The process of incorporating AI into a screening system includes several key steps. One is gathering data from various sources. The data should be relevant, diverse, and substantial enough to train a robust AI model. Data cleaning is then needed to remove inaccuracies, duplicates, and inconsistencies.
Also critical is a strong AI model selection process, which should have clearly defined objectives and constraints. It may be useful to start with a simple baseline model to establish a reference point, followed by evaluating different model types to determine which ones perform best on the dataset.

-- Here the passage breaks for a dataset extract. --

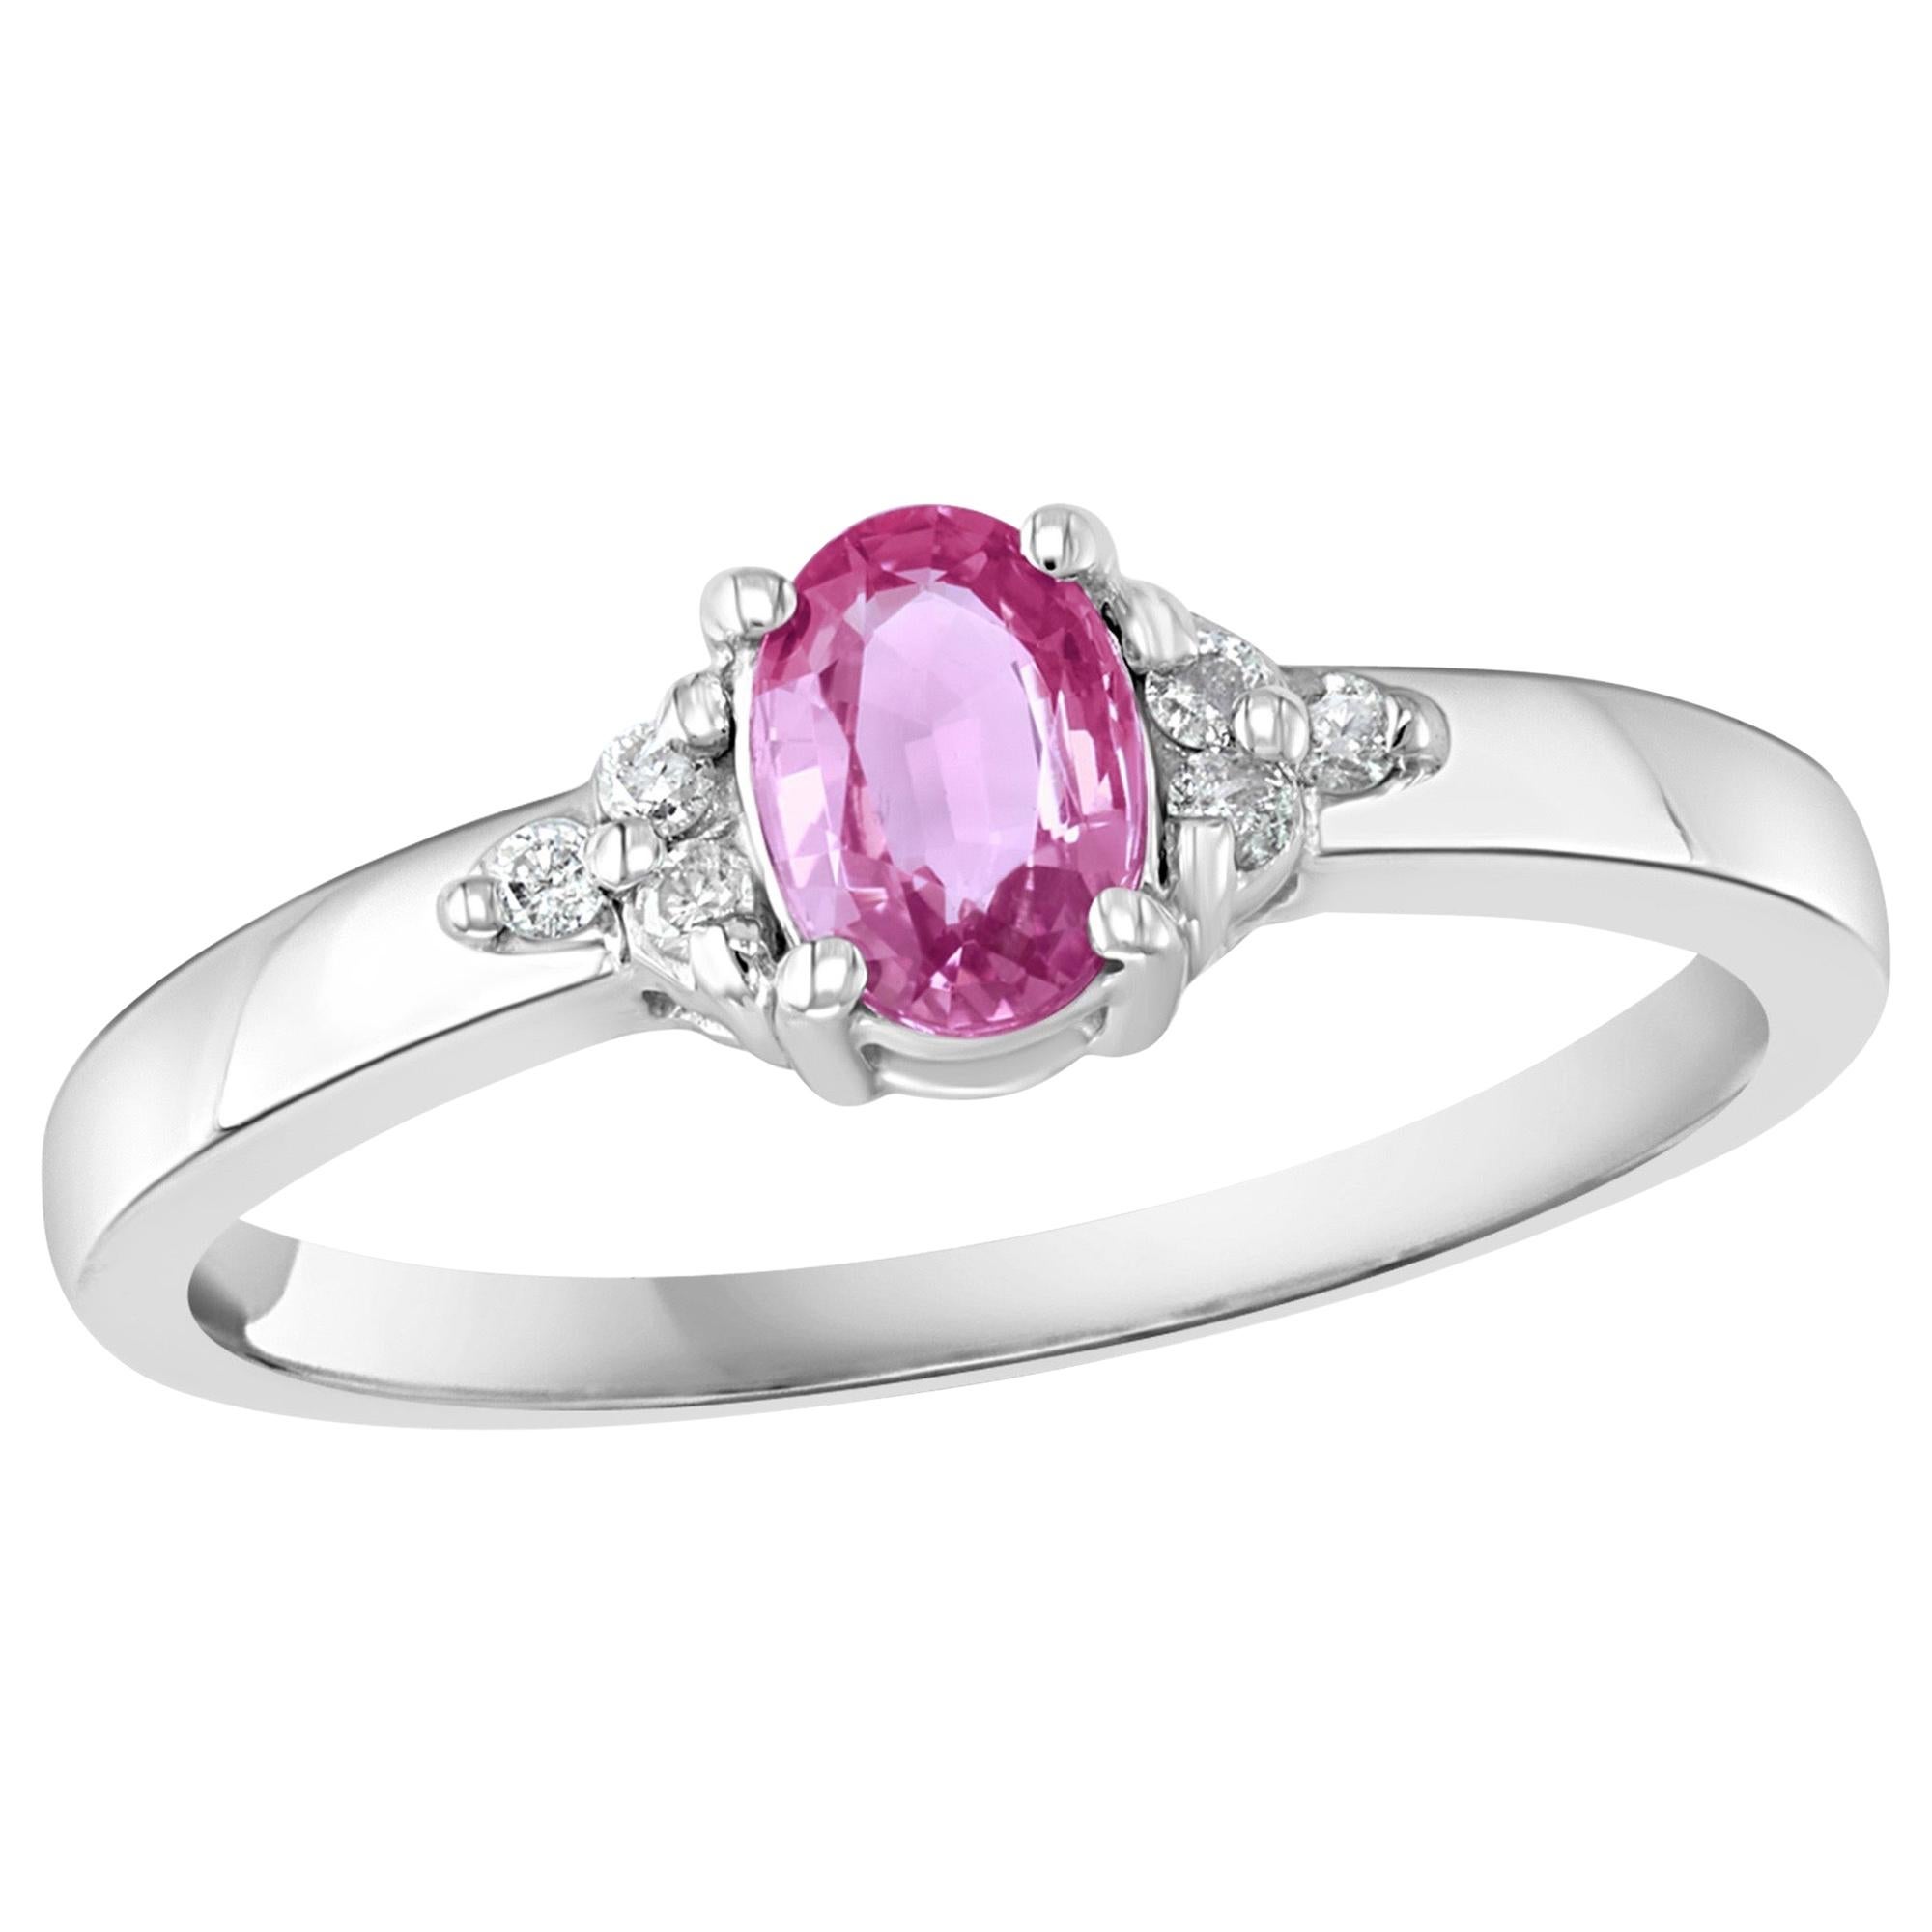 Pink Sapphire and Diamond 14 Karat White Gold Ring, Estate Size 6.5

Models must be properly trained and validated, followed by a final evaluation of the test set to assess its performance on unseen data. If an AI system arrives at a decision, it should be explainable, so humans can quickly comprehend the ‘how’ and ‘why’ behind it. This is why relevant performance metrics on both the training and validation sets must be tracked to ensure the model is learning appropriately.
Other important steps include seamless integration of models with existing systems, deployment and testing, user training and adoption, and ensuring continued compliance with all applicable laws and regulations.

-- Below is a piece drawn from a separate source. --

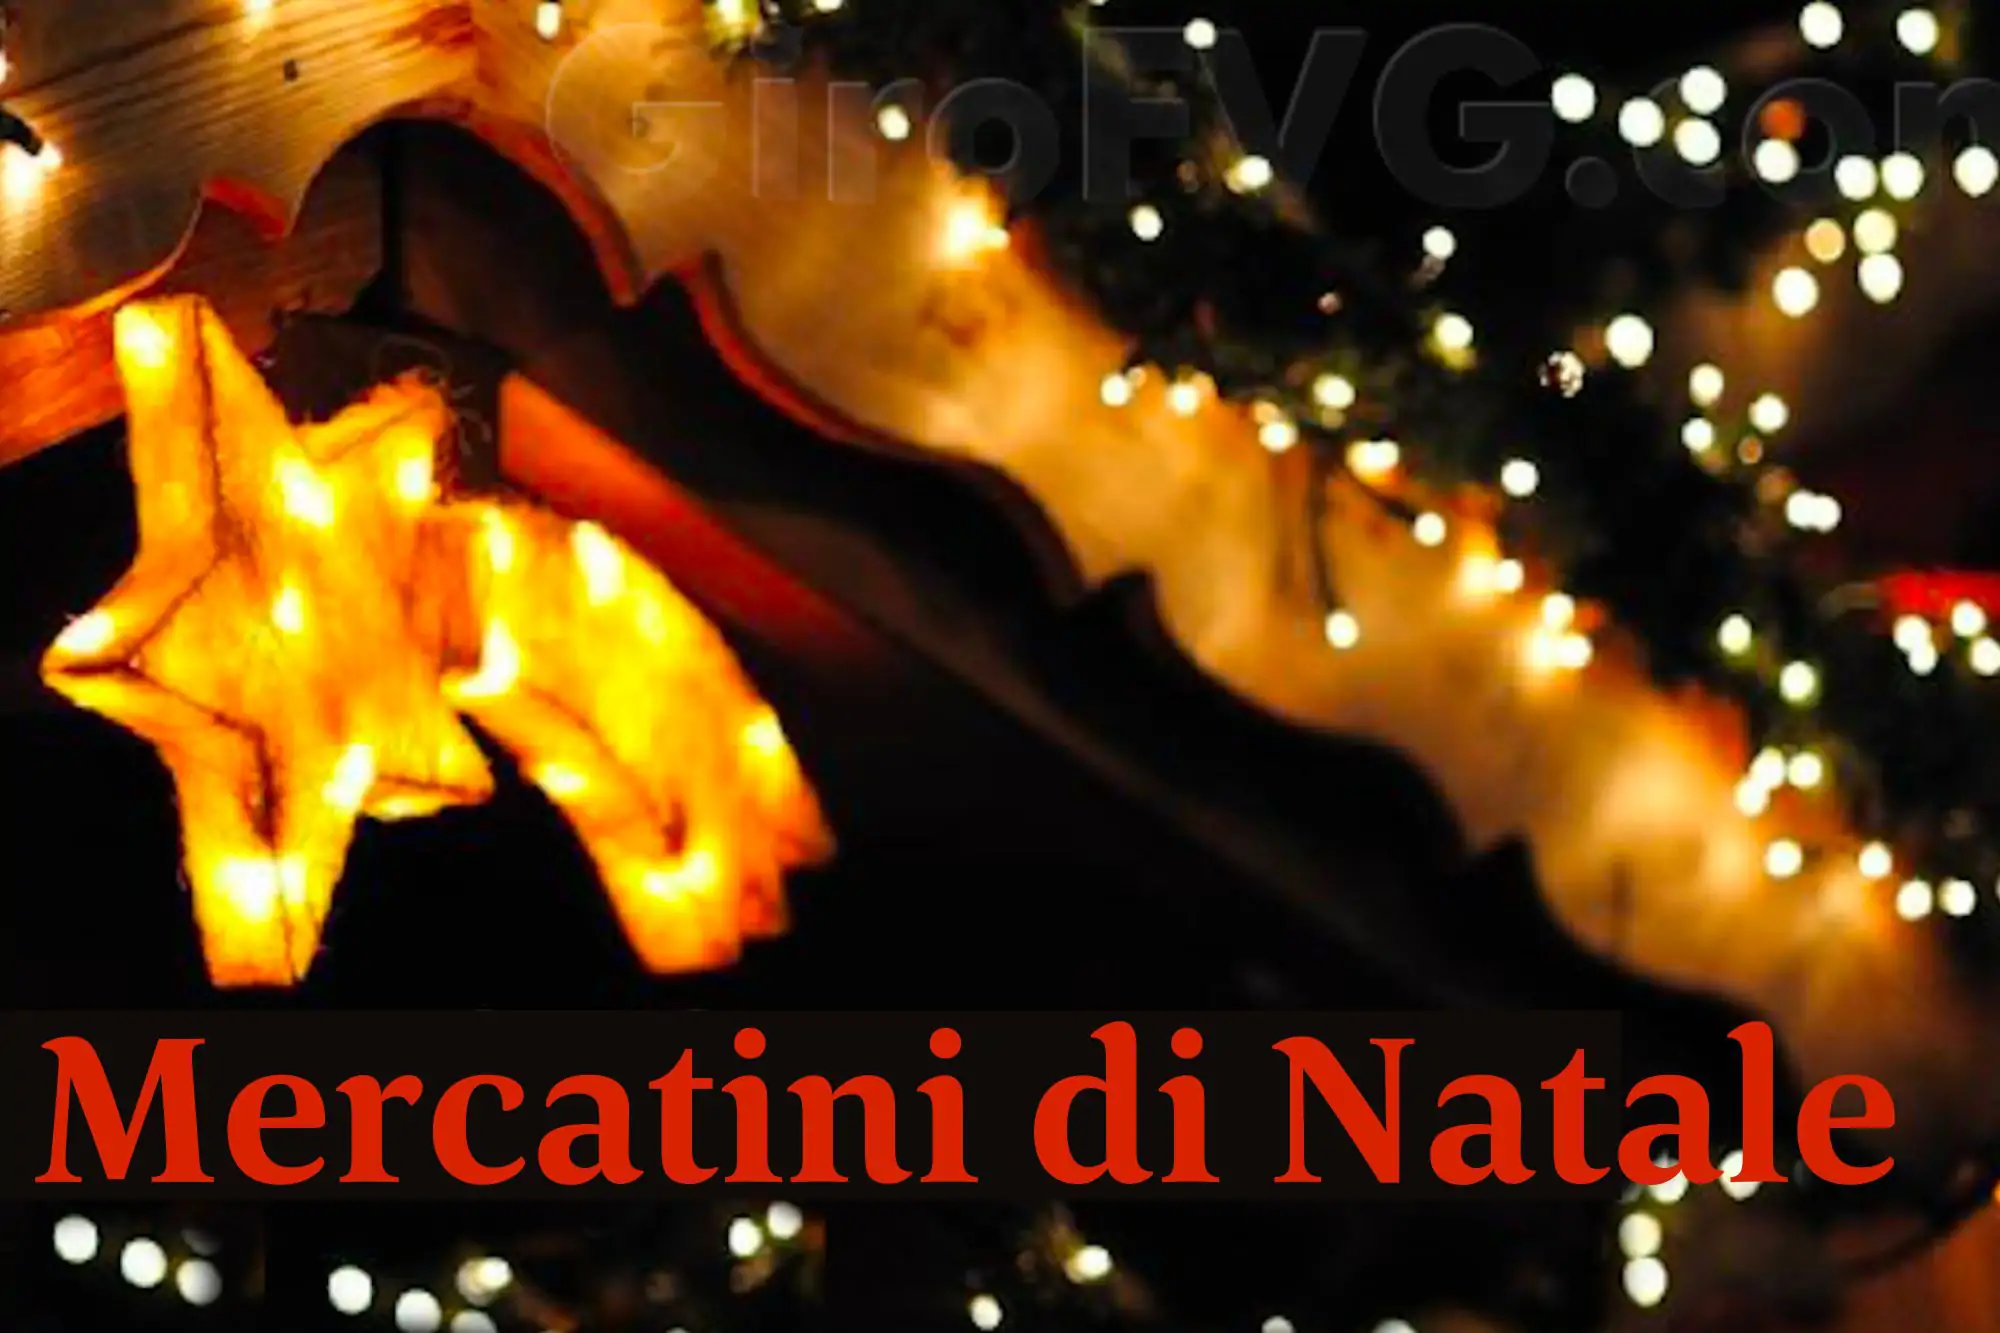 Mercatini di Natale in Friuli Venezia Giulia

Overcoming implementation challenges
AI is not a magic cure-all that can be implemented easily. There are various inherent challenges posed by these tools that must be factored in when employing them. For instance, with regards to the example of the large North American bank, the teams faced the challenge of not running afoul of the institution’s strict information security policies when parsing the data to make it optimized for the AI engine. This required revising the data governance policies and procedures to implement a set of strict privacy controls.
When implementing any AI tool for sanction and adverse media screenings, the most vital principle is to ensure it functions effectively across multiple business lines. An AI tool implemented correctly will seamlessly integrate with other current technology investments.
While advanced AI capabilities hold promise and garner much attention, institutions must strike a balance between hype and reality. Institutions should not overlook the potential benefits of simpler solutions. Assessing the adequacy of existing AI tools before investing in more sophisticated options is prudent.
A financial institution should also test the new technology as much as it needs but ideally avoid long parallel runs in production with their prior system, which adds extra layers of cost and concerns. As with any significant change, senior management’s buy-in is a vital factor for the success of any initiative. This involves the active participation, endorsement, and ongoing support of top-level executives (including resource allocation) — from risk to compliance, HR to privacy — aligning the entire organization toward the final goal.
The benefits of employing AI to enhance the sanctions and adverse media screening processes are evident. While the appeal for automating the function is clear, implementing AI brings its own set of challenges that require a strategic and thoughtful approach. Starting slowly with an ecosystem of partners that bring specific strengths to the table is often the optimal path.
Manish Chopra is Global Head of Risk and Financial Crime Compliance at Capgemini.